How to delete a string of special character in character variables

Hello SAS guys,

 

When I import the excel file into SAS, the SAS dataset has some special charater string beginning with &#, which the excel file don't have, such as " " ,"&# 8875;", "’".  How can I delete those unwanted strings. It seems there is nothing strange with excel file, however these special string shows up between the space of two words instead of blank space. Any idea is appreciated.

 

my SAS data is :

 

var1

Newton’s seconde law for particles

Newtow’s first law for particales

Region 1

13. Basic Math

4.Instruction and#&8875; Concepts

7.Vibratons#&8875;knowledge

 

 

 


Accepted Solutions
Solution
4 weeks ago
SAS Super FREQ
Posts: 9,263

Re: How to delete a string of special character in character variables

Hi:
You have to be careful how you translate them. For example, on this site:
https://www.w3schools.com/charsets/ref_utf_punctuation.asp
you can see that &#8217 is the single apostrophe or RIGHT SINGLE QUOTATION MARK you need for Newton's.

And the &#160, shown here: https://www.w3schools.com/charsets/ref_html_8859.asp seems to be the non-breaking space.

And the #8875 seems to be some kind of math symbol, as shown here: https://www.w3schools.com/charsets/ref_utf_math.asp.

That form &#xxxx; is an HTML entity and you can look them up on the W3C site.

You might be able to have Excel use the correct entity when it displays the value if you change the font for the sheet to a Unicode font.

Cynthia

View solution in original post


All Replies
Super User
Super User
Posts: 7,860

Re: How to delete a string of special character in character variables

What method did you use to import the data?  What version of SAS are you using.

I think this issue of some unicode characters being stored this way was fixed in a recent update.

 

You can just use TRANWRD() function to convert them.

160 (or 'A0'x) is a "non-breaking" space.  So just replace it with a space.

8217 is a curly single quote.
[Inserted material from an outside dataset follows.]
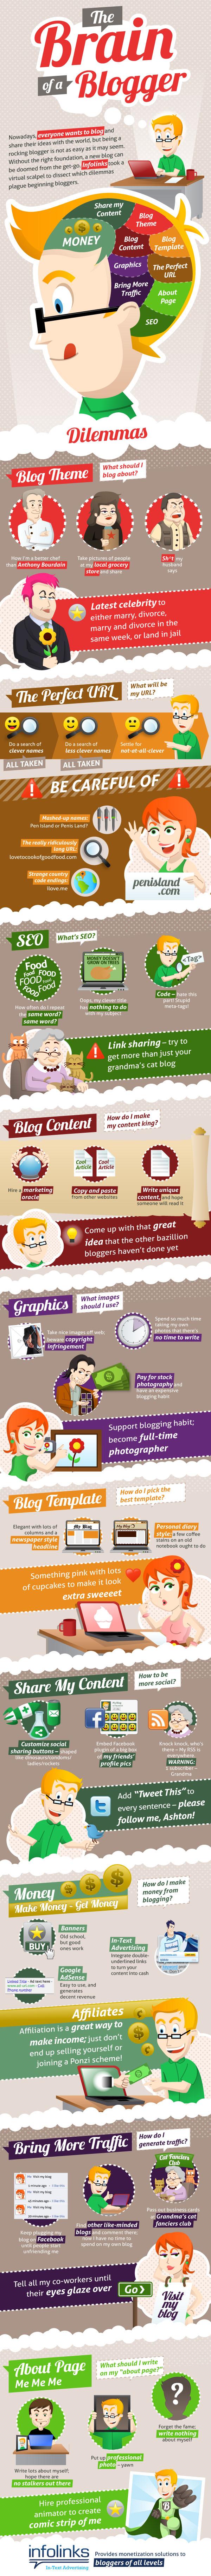 Bir Blogger'in Aklından Geçenler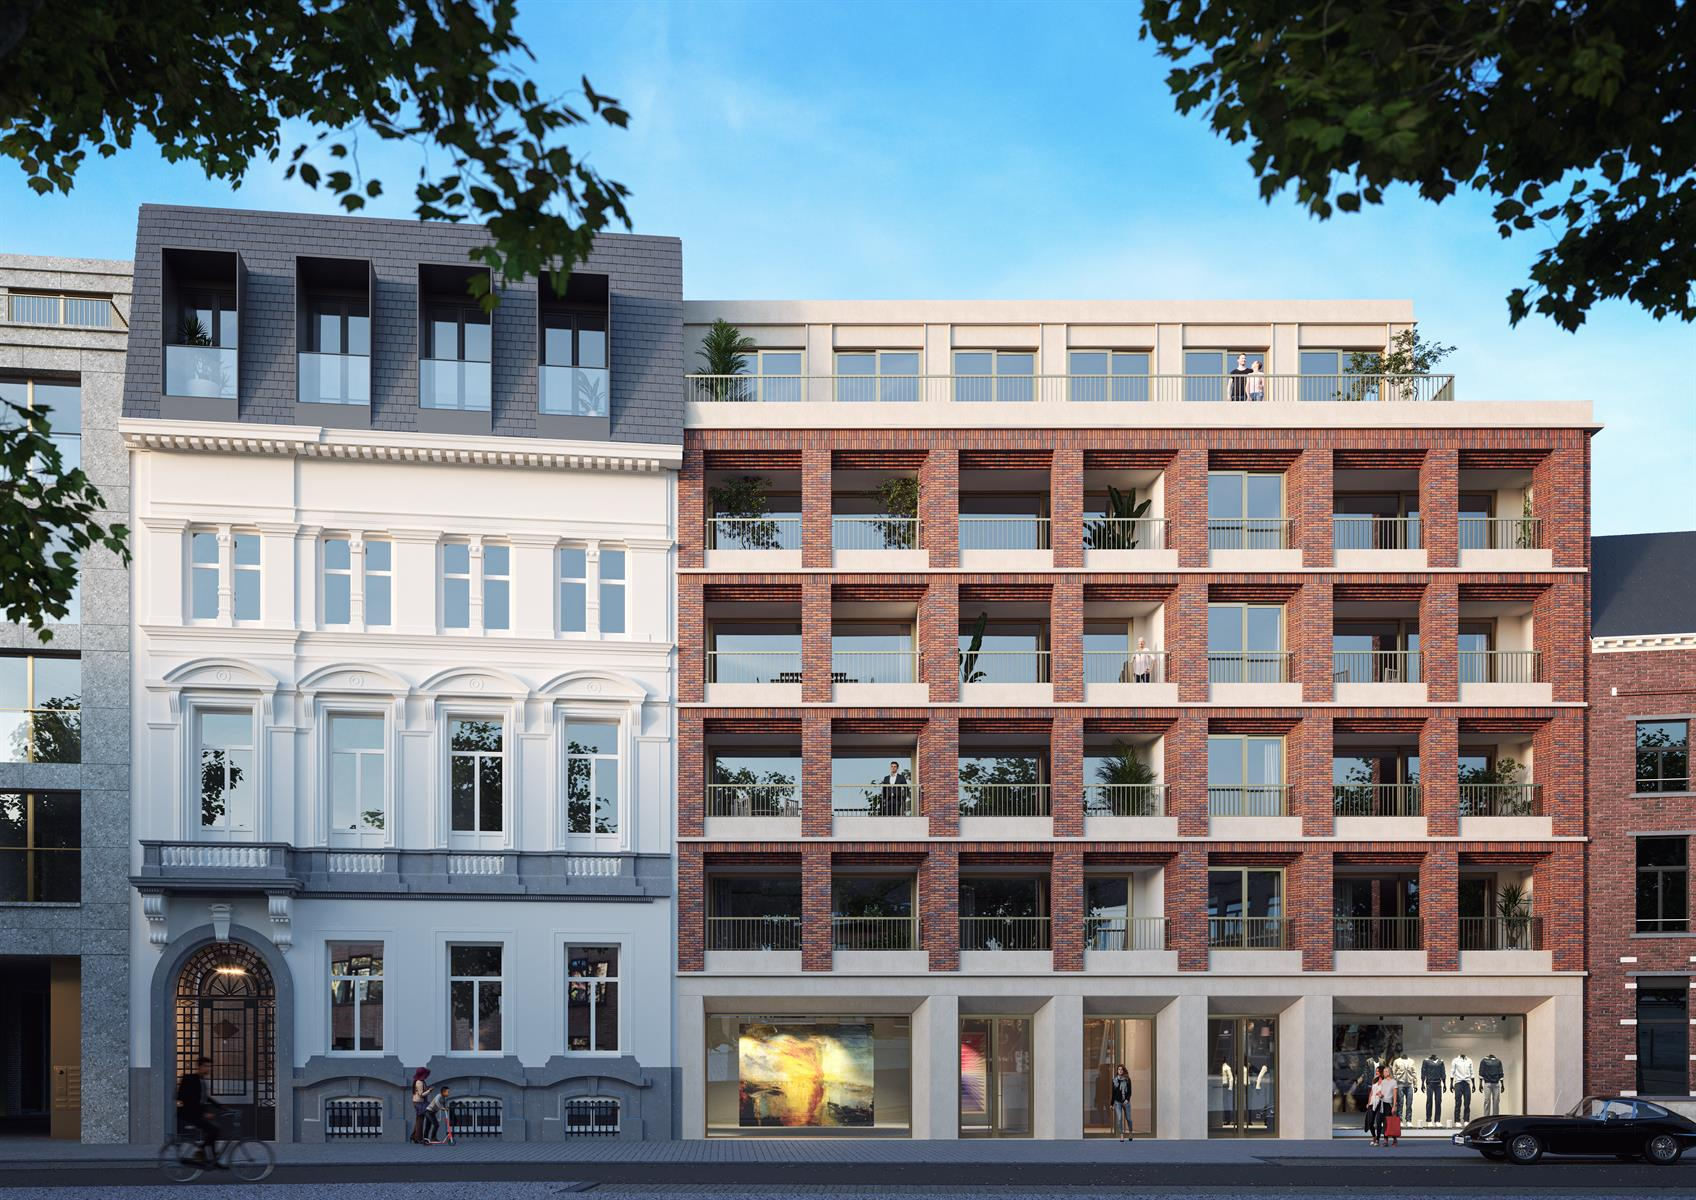 DEN OEVER wonen op een unieke plek in hartje Antwerpen.

I would just replace it with a normal single quote.

Frequent Contributor
Posts: 102

Re: How to delete a string of special character in character variables

Hi Tom,

I use SAS 9.4(TS1M3). The import code is proc import datafile="datadir\excelfilename.xlse" out=have dbms=xlsx replace;

getnames=no;

run;

 

Thanks for answering the question

Solution
4 weeks ago
SAS Super FREQ
Posts: 9,263

Re: How to delete a string of special character in character variables

Hi:
You have to be careful how you translate them. For example, on this site:
https://www.w3schools.com/charsets/ref_utf_punctuation.asp
you can see that &#8217 is the single apostrophe or RIGHT SINGLE QUOTATION MARK you need for Newton's.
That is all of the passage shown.